Mngqithi stands up for Gavin Hunt after Kaizer Chiefs exit
“Gavin Hunt achieved something that Chiefs have never achieved before and he is out of his job," said Mngqithi.
Mamelodi Sundowns co-coach Manqoba Mngqithi says Kaizer Chiefs were wrong to fire Gavin Hunt. (Samuel Shivambu/BackpagePix)
Like a big brother who shields his siblings from bullies, Manqoba Mngqithi has stood up for Gavin Hunt who lost his job at Kaizer Chiefs after some eight months into the post.
Amakhosi moved swiftly to replace Hunt with a familiar face in Stuart Baxter, who happens to be the last coach to have brought glory and joy to Naturena as he won the league and cup double twice in his first spell.
Mngqithi has always been vocal about the preference of local coaches over foreigners and he hasn’t changed his tone a bit, instead, he’s amplified his sentiments now that Baxter has increased the tally of foreign head coaches in the top flight.
“Gavin Hunt achieved something that Chiefs have never achieved before and he is out of his job. That’s the story of our football. The less said, the better,” said Mngqithi, alluding to the fact that Chiefs made it to the semifinals of the Caf Champions League for the first time.
“We change coaches because we are emotional at times.
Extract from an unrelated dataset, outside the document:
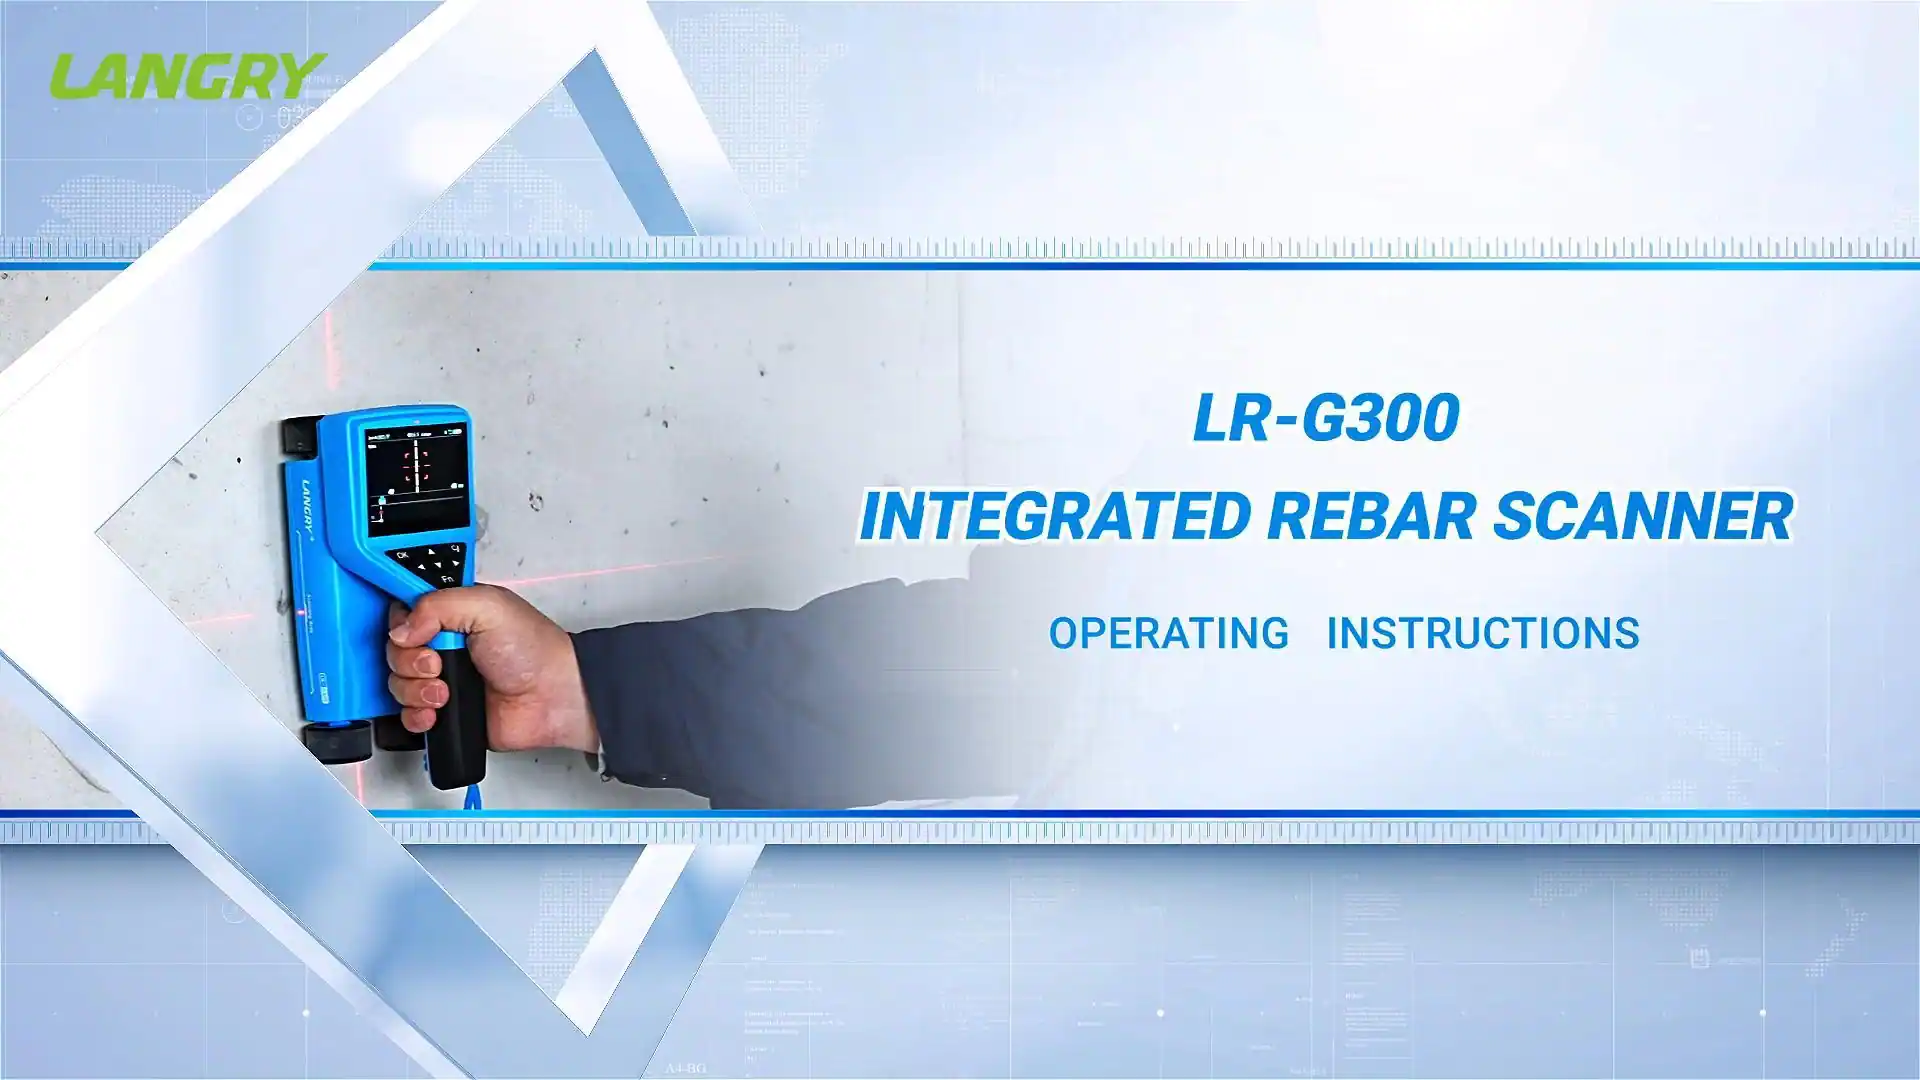 LR-G300 Integrated Rebar Scanner Operating Instructions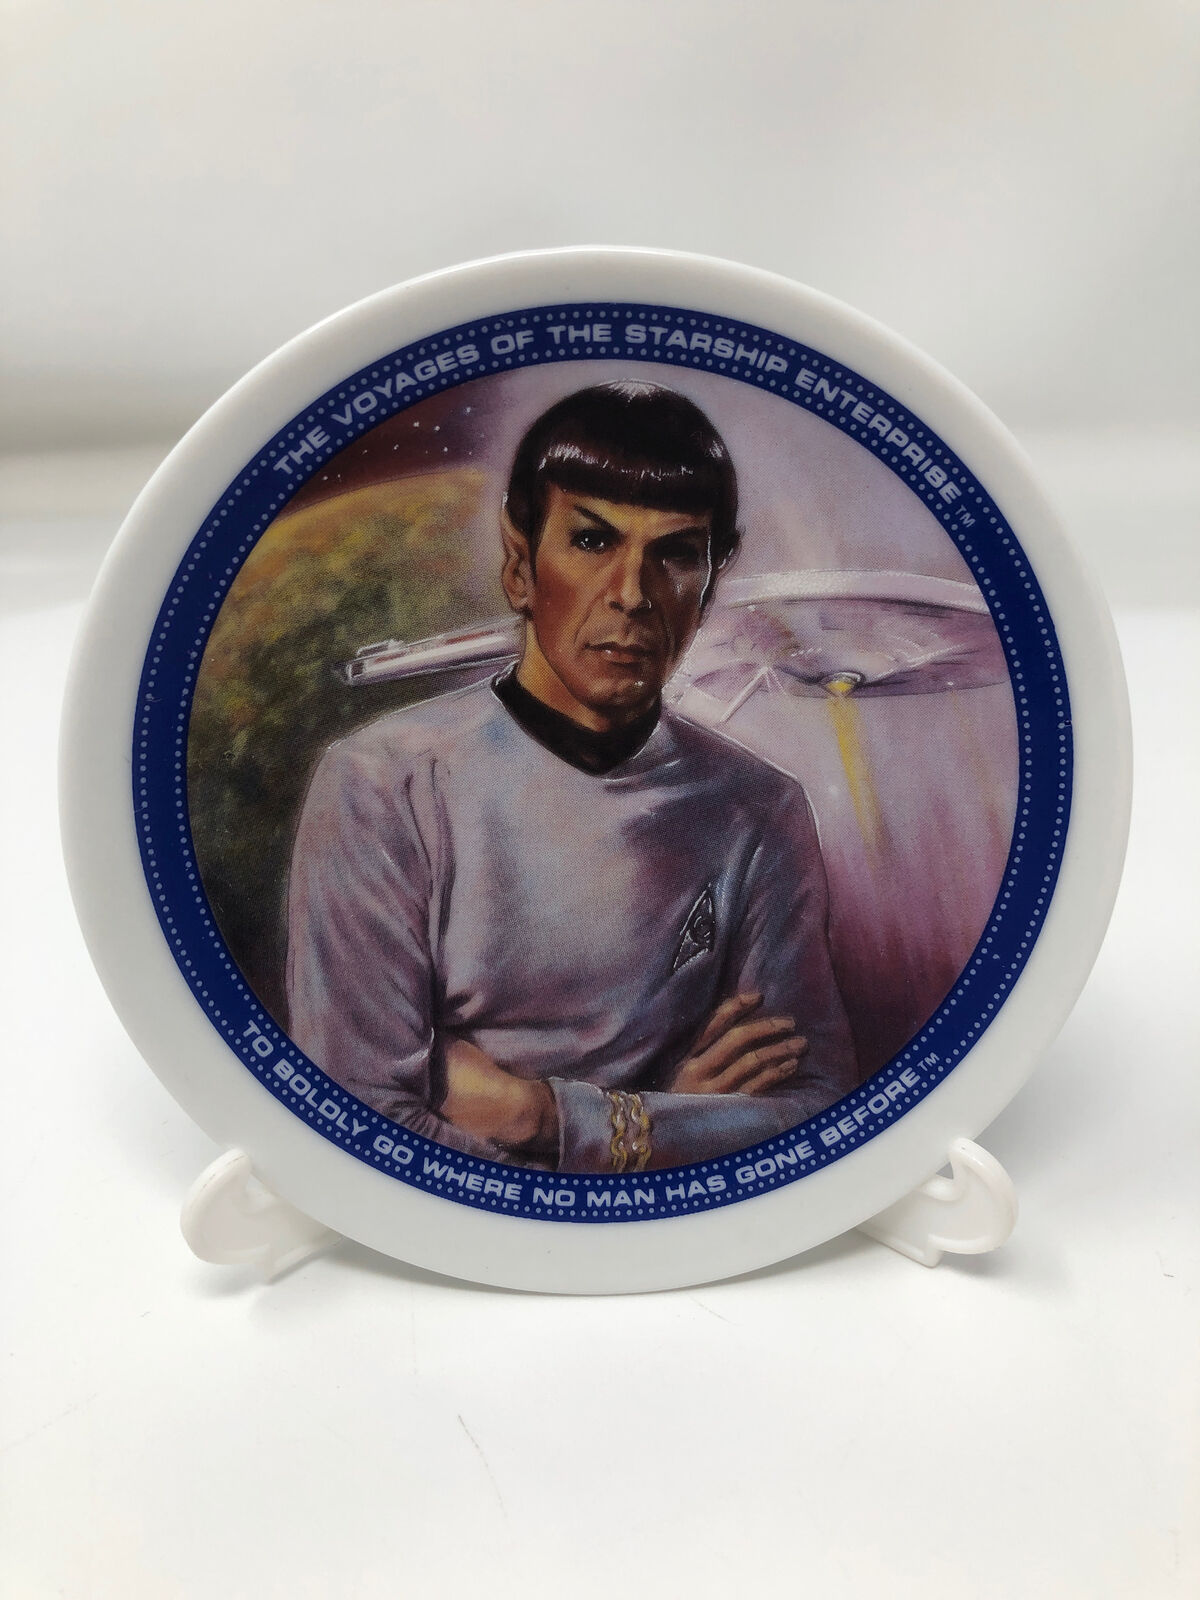 1991 Hamilton Gifts Star Trek Spock Mini Plate

Gavin Hunt has won four league titles. He plays a certain type of football and you can’t say you did not know the type of football he plays, stick with it. If you suddenly say you are no longer happy with that style of football, then why did you bring the coach in the first place because you cannot change him from what he has been doing all over the years, and worse, he could not even sign the players to play the type of football that he wants,” said the Sundowns mentor.
“It is high time that we believe in our own. I believe our coaches, with very limited resources, are showing a lot of good work. Even the teams that are just outside the top eight, like Bloemfontein Celtic, you check the problems that they have had over the years but the amount of fight that they gave tells you that local coaches have got the capacity,”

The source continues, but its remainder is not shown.